Tuesday, 15 May 2018: 15:40
Room 607 (Washington State Convention Center)
B. L. Trembacki, D. R. Noble, M. E. Ferraro, V. E. Brunini, and S. A. Roberts (Sandia National Laboratories)
Advances in the three-dimensional imaging and subsequent computational representation of lithium-ion battery electrodes have made it possible to perform detailed simulations on reconstructed electrode mesostructures. These particle-scale simulation capabilities can be utilized to analyze the effect of the manufacturing process and can also inform macroscale (cell- or module-level) battery models, most notably through effective transport properties. For these simulations to be realistic and accurate, quality computational meshes and sufficient domain sizes (1000+ active material particles) must be achieved.

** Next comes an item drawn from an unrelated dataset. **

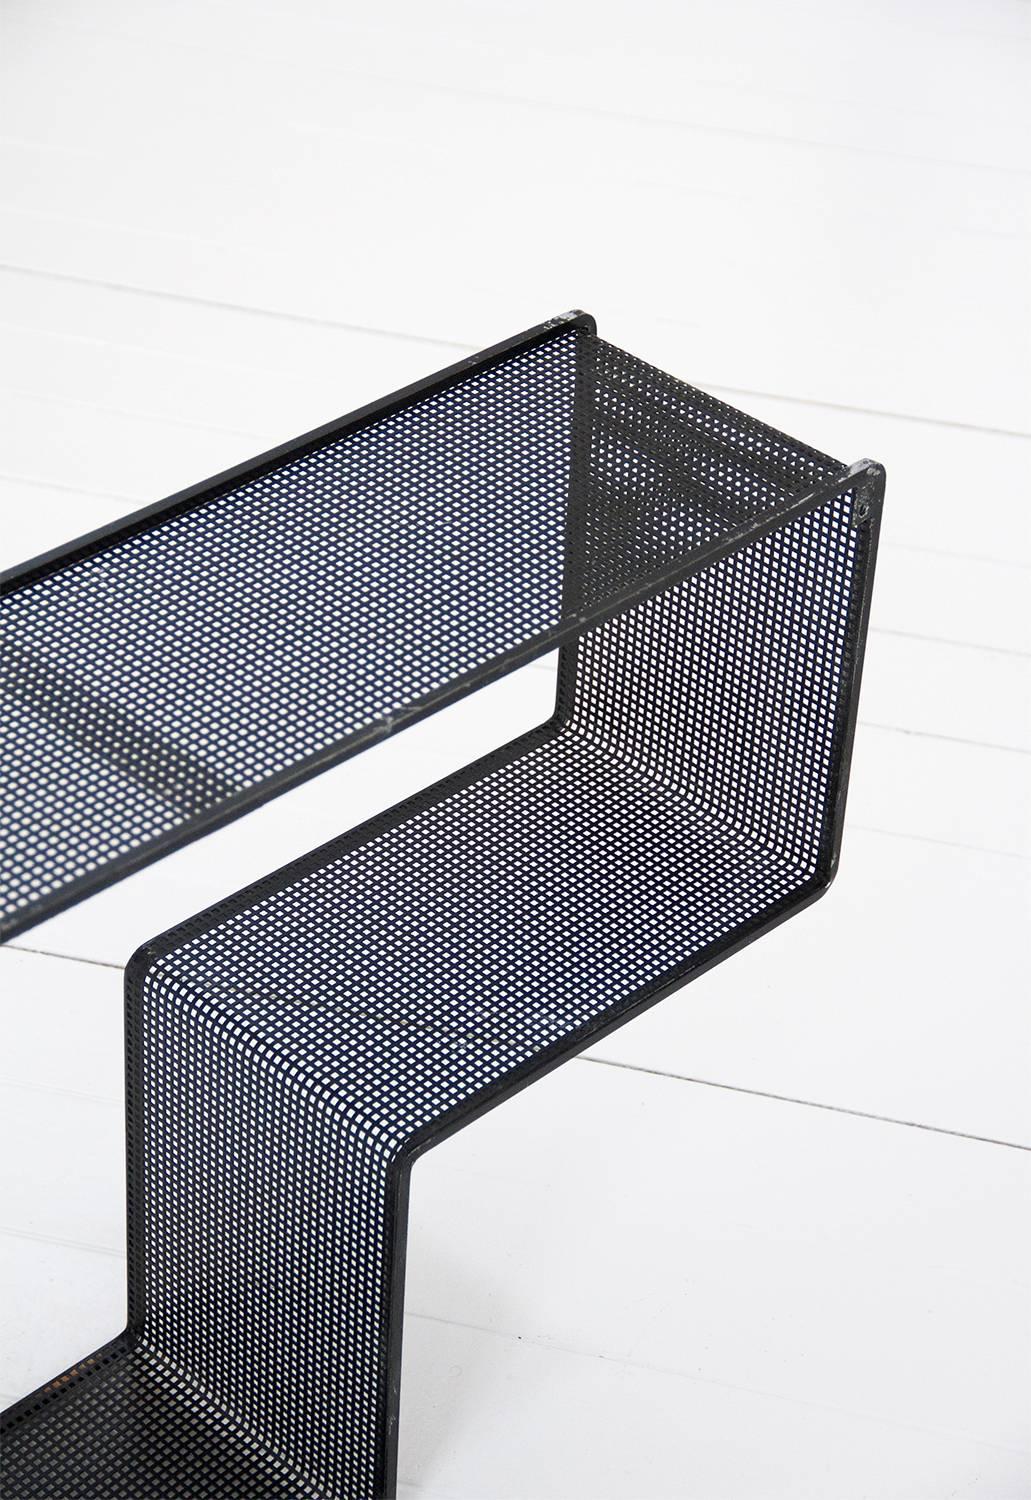 Black Dedal Wall Shelf by Mathieu Mategot, Perforated Steel, circa 1950, France For Sale 1

Additionally, imaging techniques, such as x-ray tomography, that can provide sufficiently large domain sizes are often unable to clearly differentiate between the non-active electrode phases (binder, conductive additive, and void/electrolyte). This forces models to make assumptions about the morphology of non-active phases or neglect their contributions altogether. Our recent work has focused on addressing these challenges, and we have developed a novel “binder bridge” placement algorithm to introduce a composite binder morphology to a large many-particle domain that mimics morphologies seen in high-resolution imaging where nonactive phases can be differentiated.

We use this approach to study the effect of the electrode manufacturing process on effective electrode properties by simulating electrodes manufactured using various calendaring pressures and slurry compositions.